[Opening GIVEN DATA section]
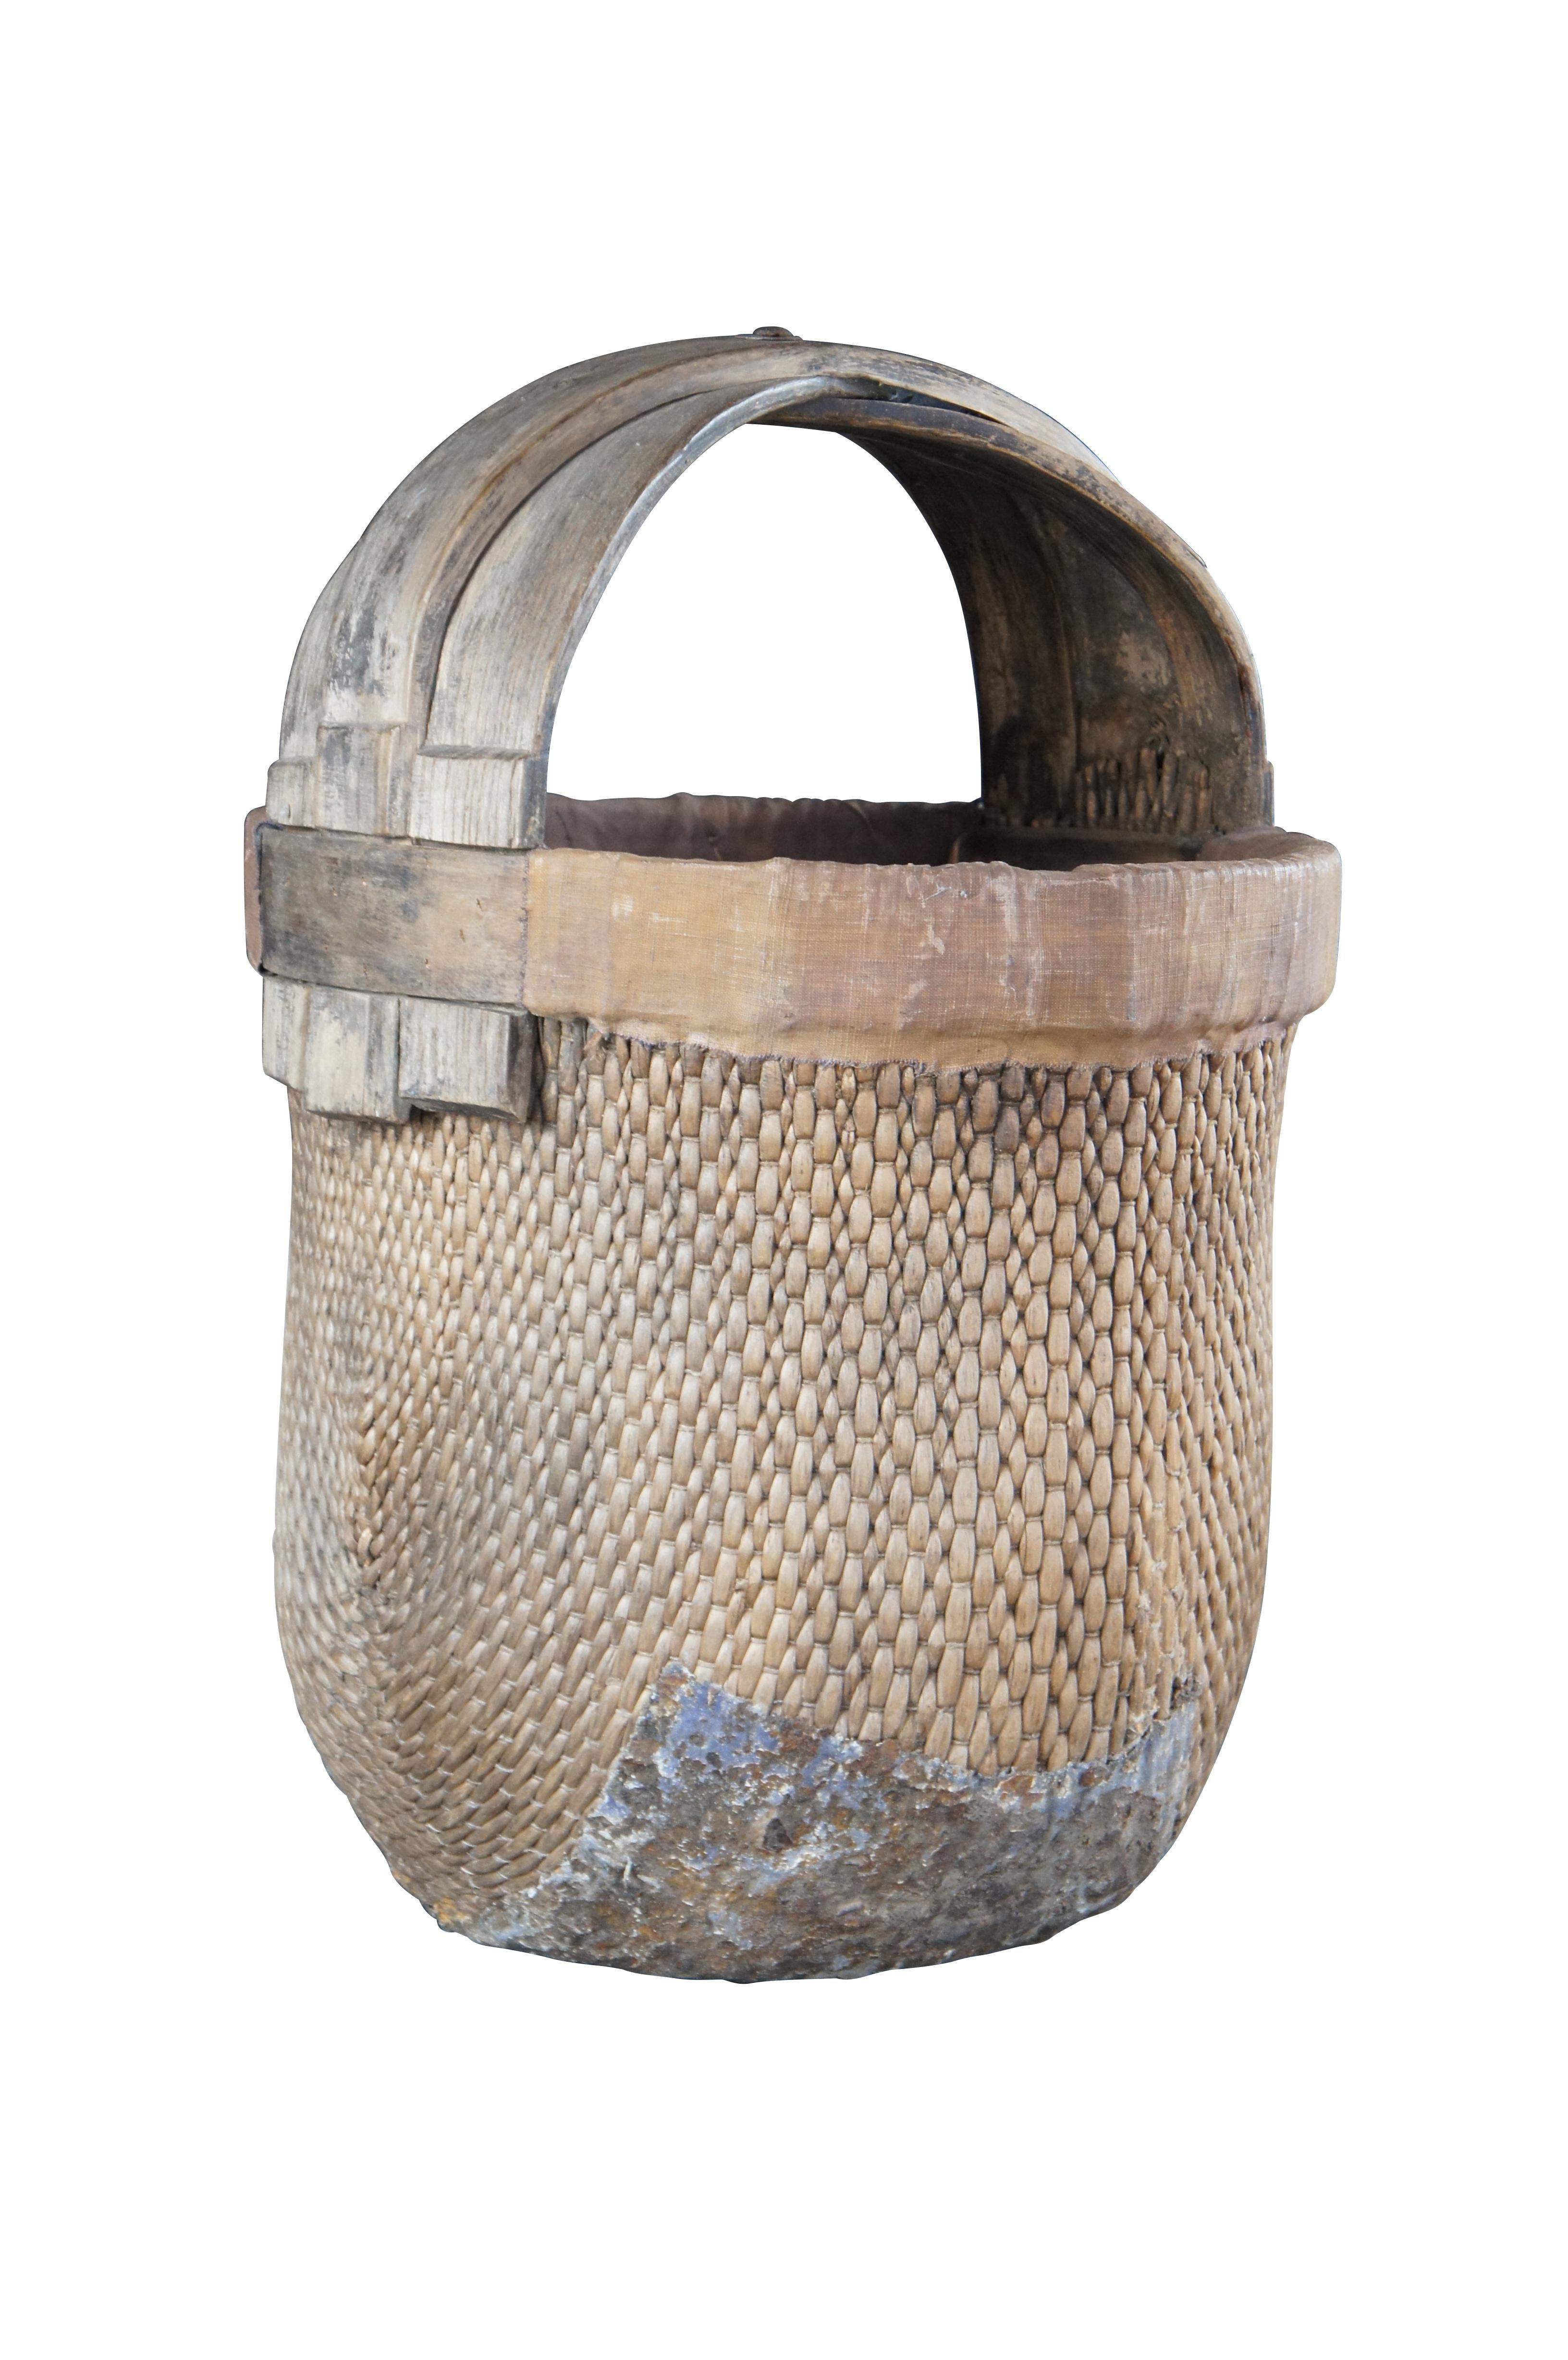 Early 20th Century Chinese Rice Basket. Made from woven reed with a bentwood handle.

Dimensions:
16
[Closing GIVEN DATA section]
ABOUT THIS TASK:
Nothing but an exact transcription of the material, without pictures, should be returned.

RESULT:
 Early 20th Century Chinese Rice Basket. Made from woven reed with a bentwood handle.

Dimensions:
16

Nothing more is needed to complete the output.